1 「洪水は神の裁きの手段ではない」

今度の日曜日の聖書の箇所は、「主日聖書日課」によれば、創世記6:11-22。

13節と14節、17節と18節が筋としてつながっていると読めば、「神は不法に満ちた人間を滅ぼすために洪水をおこしたが、何人かの者は箱舟に入れて救った」ということになるかもしれない。

しかし、「洪水によって神は不法な者を滅ぼす」などという、それこそ不法な思想を阻む、あるいは乗り越える作用を「箱舟物語」が果たそうとしているように読むこともできないだろうか。
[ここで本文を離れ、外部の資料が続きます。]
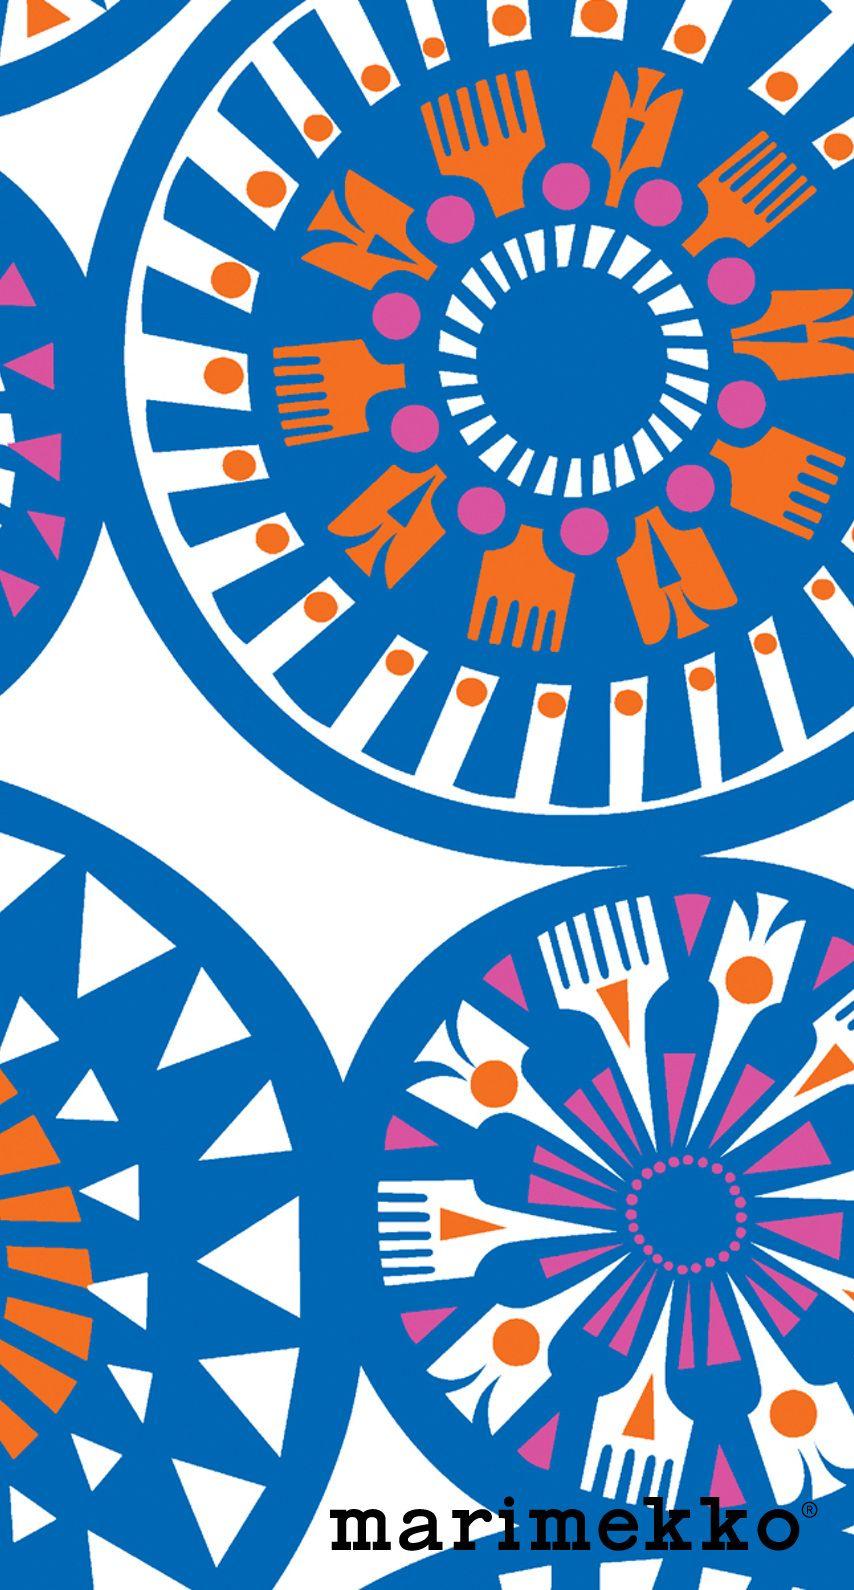 Marimekkofloral15 布地プリント 北欧 壁紙 パターンデザイン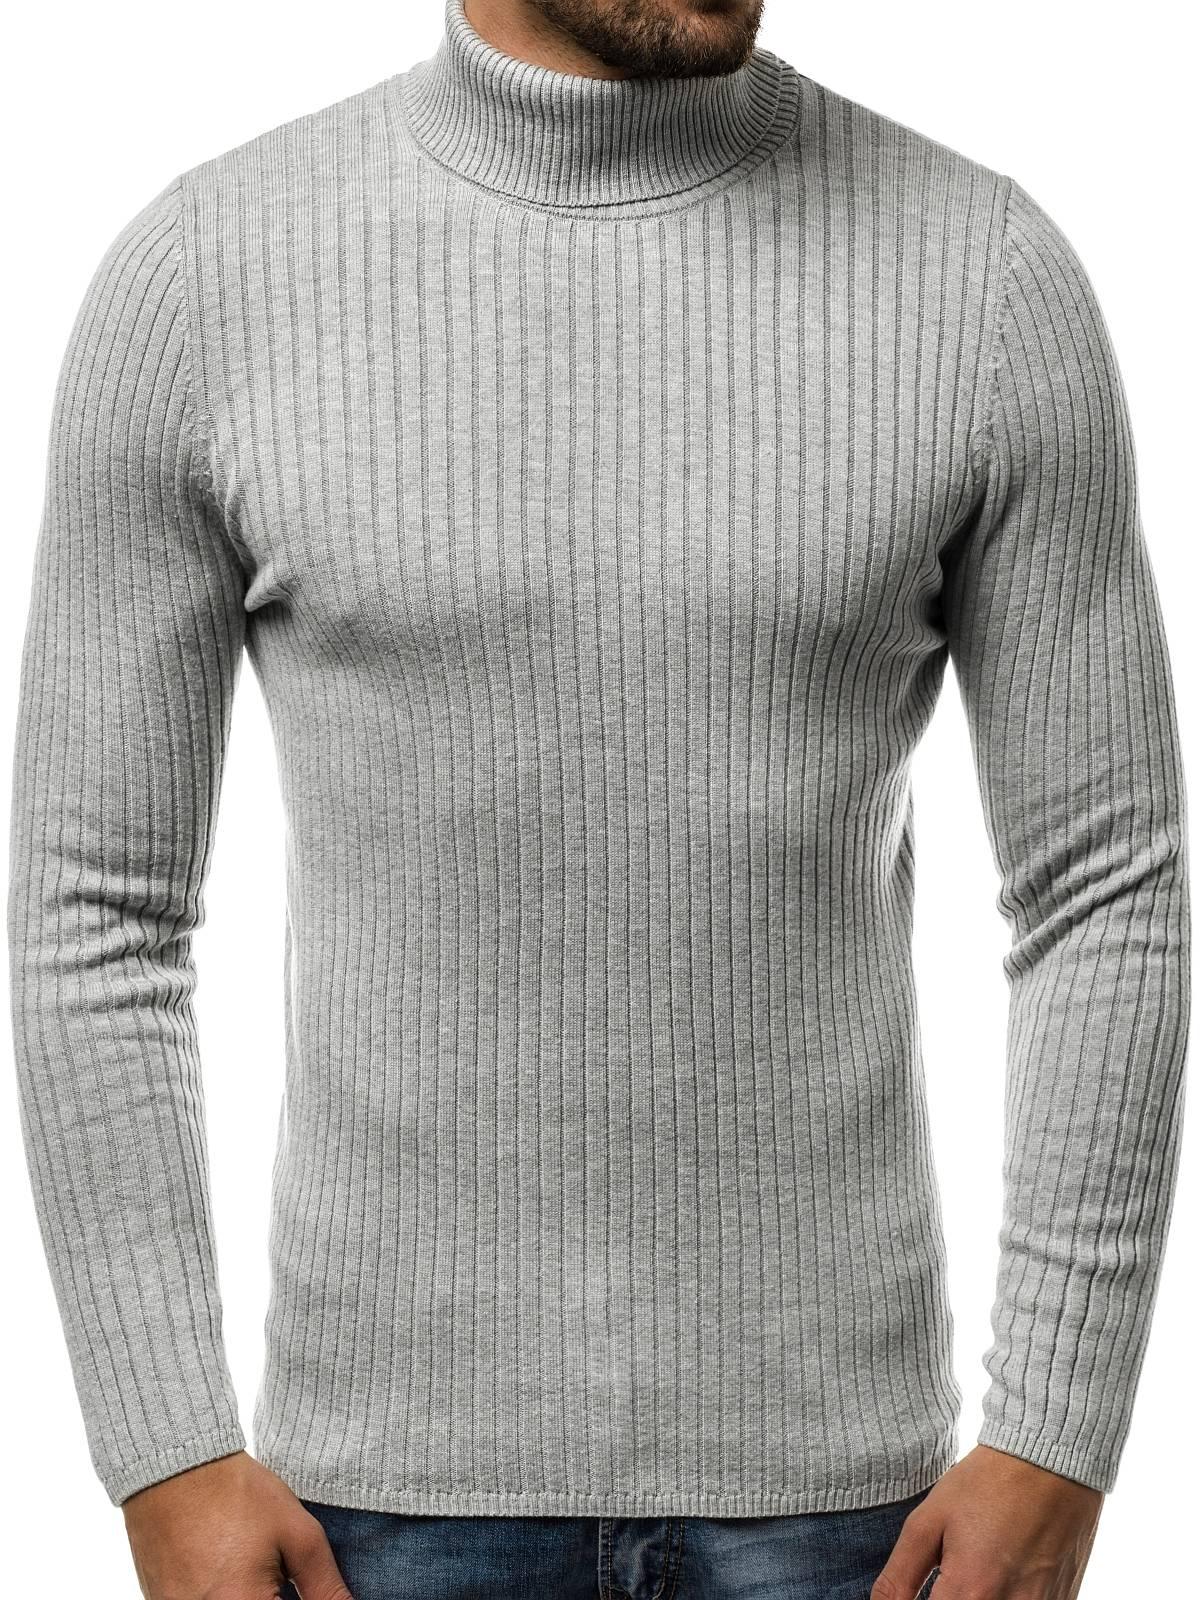 5dac6a4fcb86 Strickpullover-Pullover-Sweater-Sweatshirt-Pulli-Herren-OZONEE-MADMEXT-

わたしたちは今、洪水が神の裁きの手段などではないことをじゅうぶんに知っている。

もともと、裁きの話と無関係に、「箱舟によって洪水から人々が救われた、洪水によっても希望の芽は残った」という話があり(14-16節、18-20節)があり、そこに、不法や滅ぼしの意味をもたせようとしたが(11-13節、17節)、もともとの箱舟の話がそのような意味付けをなんとか阻もうとしている、そのようには読めないだろうか。

しろうとのごり押し読みだから、聖書学的に間違っていても、ちっとも構いません。

ようは、洪水は神の裁きの手段ではない、ということです。

今度の日曜日のもう一つの聖書の箇所は、ルカ11:14-20。

「イエスは悪霊を追い出しておられたが、それは口を利けなくする悪霊であった」(14節)。イエスはたしかに悪霊を追い出してその人が口を利けるようにしようとしたであろう。けれども、イエスは悪霊だけでなく、「この人が口を利けないのは悪霊に取りつかれているせいだ」という人々の考えをも追い出そうとしていたのではなかろうか。

14節に続いて、イエスは「この男は悪霊の頭(かしら)の力で悪霊を追い出している」と言う者らと論争をしているが、これも、病気、障害、災害、貧困などといった困難の原因をその人にとりつく悪霊とする因襲的な考えをイエスは乗り越えようとしていたのではなかろうか。

ただし、それらの困難が、「まるで悪霊に取りつかれているとしか思えない」ほどに、激しく、執拗で、絶望的なものであることをイエスはわかろうとし、その困難をなんとか追い払おうとしていたとも思う。

「わたしが神の指で悪霊を追い出しているのであれば、神の国はあなたたちのところに来ているのだ」(20節)。口が利けないのは悪霊に取りつかれているからではない。本人はそう思ってしまうくらいに苦しいこともあるだろうが、他の人がそう考えるべきではない。イエスはそのような因襲的な考え方とその人の苦しみを神の指でなんとか追い払おうとする。神の国がここにある。